急性期脳梗塞に対する蛋白リン酸化酵素阻害剤:塩酸ファスジル(エリル)の効果

二重盲検試験の結果

抄録

Fasudil (hexahydro-1-(5-isoquinolinesulfonyl)-1H-1, 4-diazepine hydrochloride or AT877, HA1077, Eril) is a unique vasodilating and brain protecting drug. It has been used in Japan since 1995 in patients with aneurysmal subarachnoid hemorrhage (SAH) to prevent vasospasm. It showed more brain protective effect than vasodilating effect itself, which suggested its efficacy in the treatment of cerebral infarction.

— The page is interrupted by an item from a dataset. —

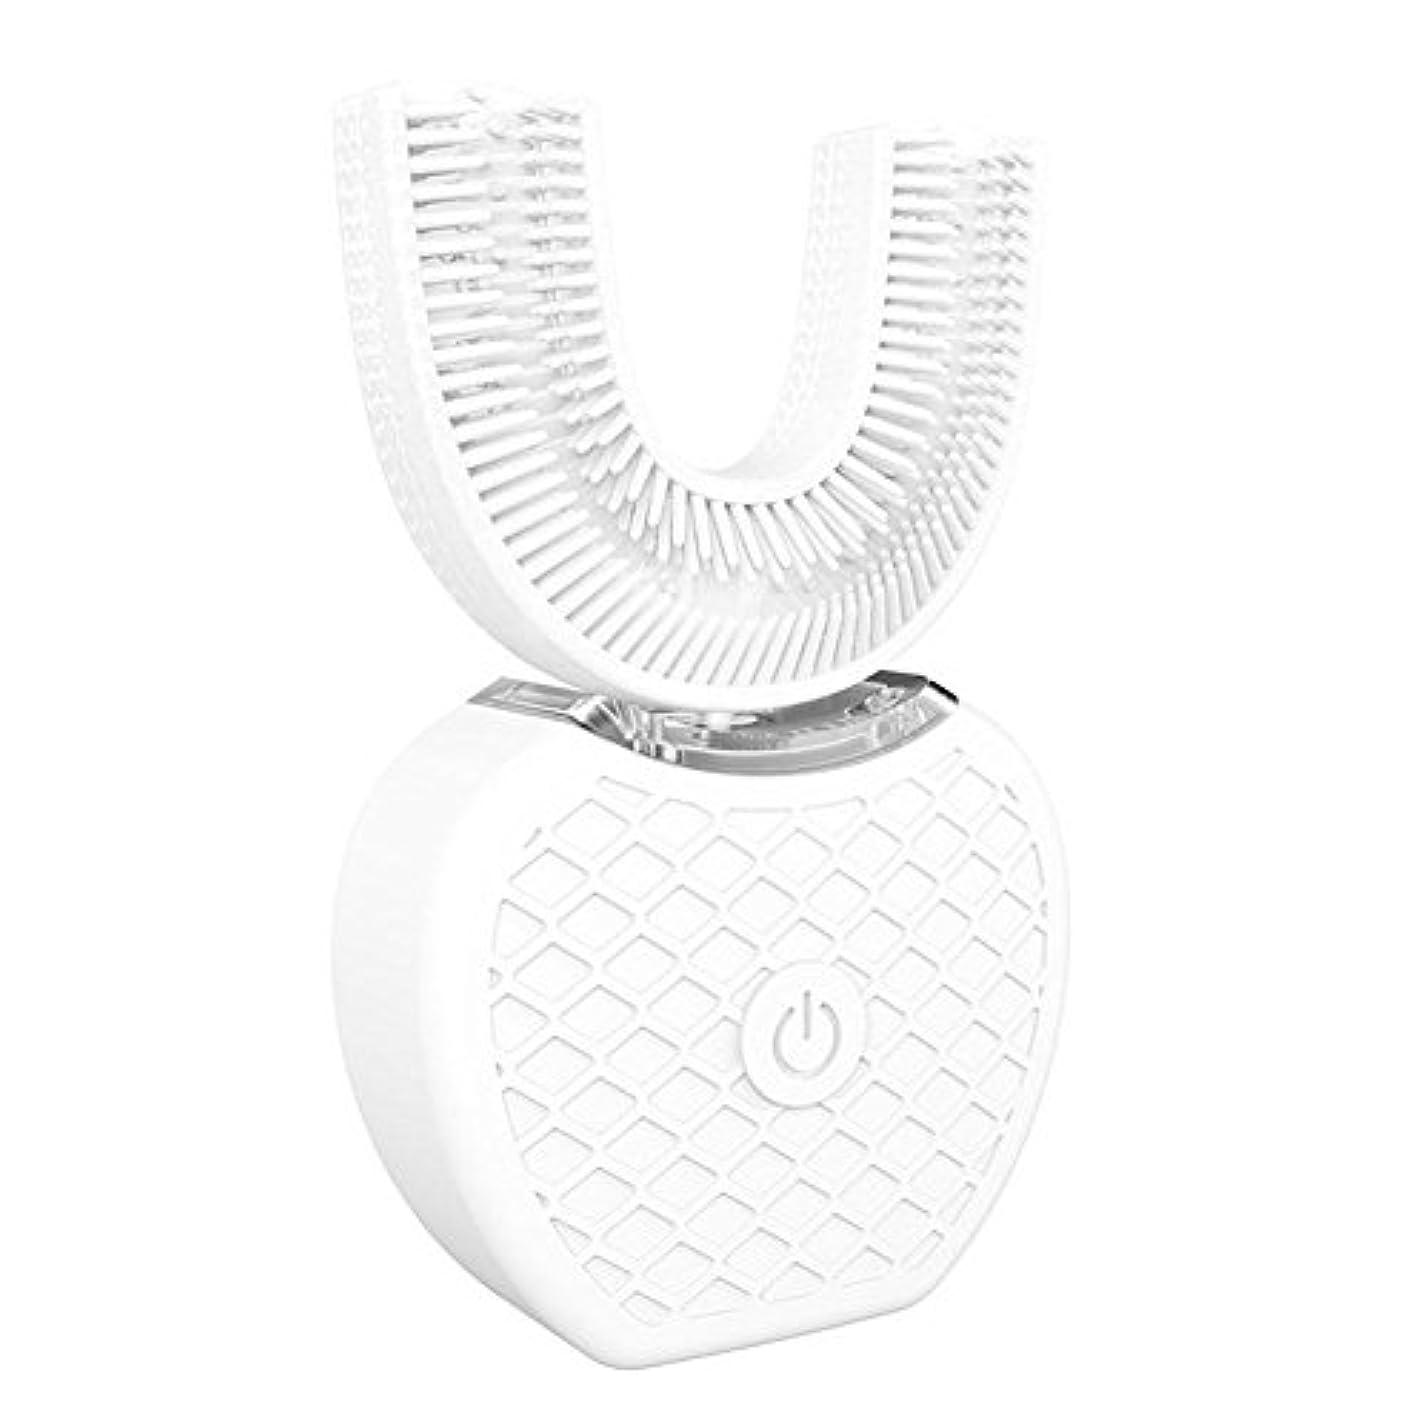 比喩クラックフェリー【Cheng-store】自動周波数超音波電動歯ブラシ360° 怠惰な歯ブラシ白い歯の器具 自動ハンズフリー白色発光 ブラシヘッドをU字型4選択可能なモード

A recent double blind trial of fasudil (60mg, iv/60 min, bid for 14 days) on patients with acute cerebral infarction showed that it significantly improved both motor dysfunction (p=0.0013) on day 14 and ADL (P=0.0015) on 30 days. In experimental animal models of stroke, fasudil prevented decrease in number of hippocampal CA1 neurons, migration of white blood cells (WBCs) to the infarction area, inhibited free radical production by WBCs and normalized increased blood viscosity.

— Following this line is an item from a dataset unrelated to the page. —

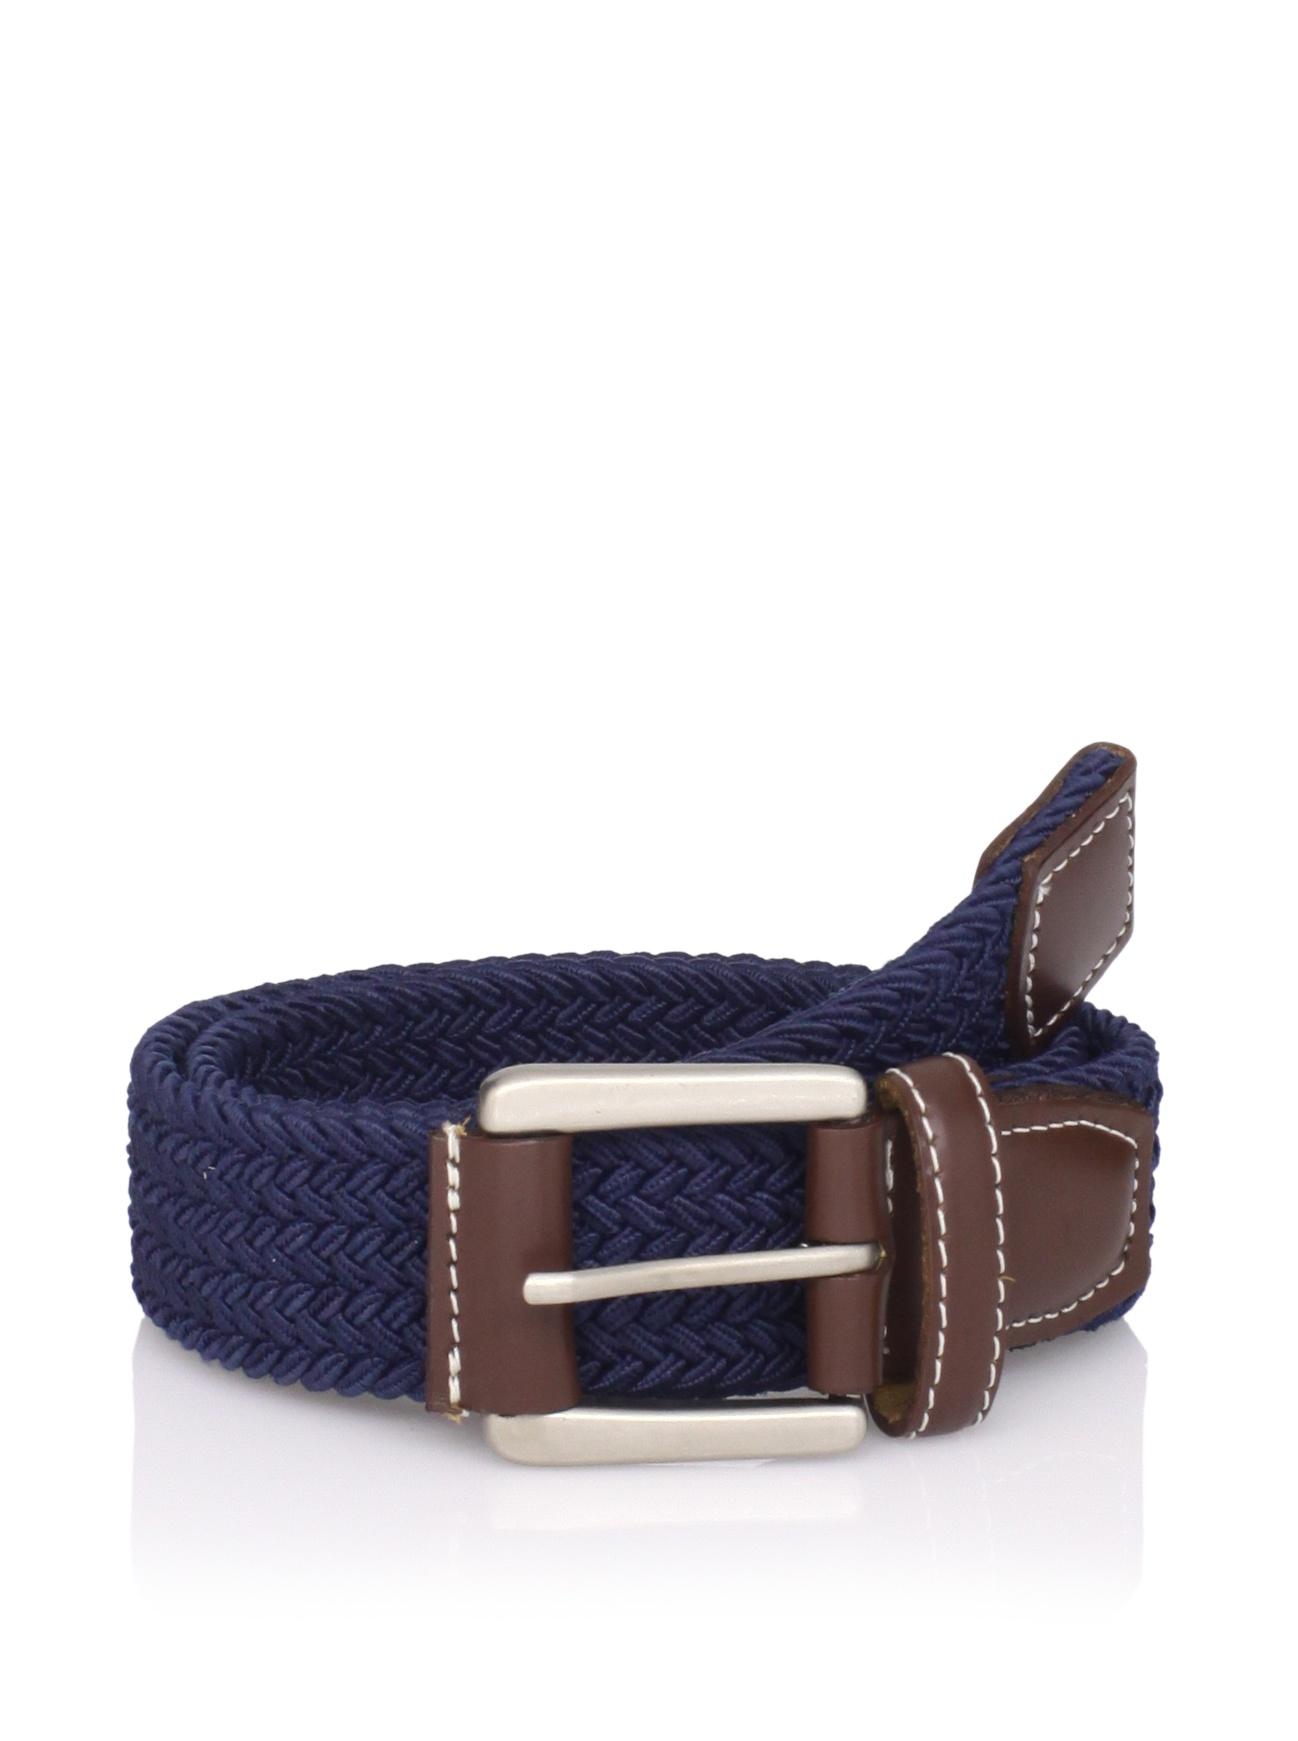 Ike Behar Boy's Casual Woven Belt (Navy)

Mechanism of action of fasudil has gradually been elucidated, now inhibition of protein kinases, especially rho kinase (Ki=0.3 uM), and protein kinase C (Ki=3uM) are considered to be important. In both cerebral vasospasm and infarction, upregulation of Rho kinase is considered to be important in the pathogenesis of brain damage. Rho kinase inhibits myosin phosphatase, leading to increased phosphorylation of myosin light chain. Rho kinase also inhibits NO synthase in the vascular endothelium. Upregulated Rho and C kinases are considered to be involved in migration of WBCs, production of free radicals by NADPH oxidase in WBCs and decreased NO synthesis in the endothelium. Thus, inhibition of these protein kinases by fasudil can explain its clinical effects.
Hydroxylated metabolite of fasudil (M3) similarly inhibits both Rho and C kinases with longer biological half-life of about 5 hours compared with that of fasudil (45 min) after intravenous infusion. Effectiveness of fasudil by intermittent infusion (two or three times a day) may, at least partly, depend on its hydroxylated metabolite.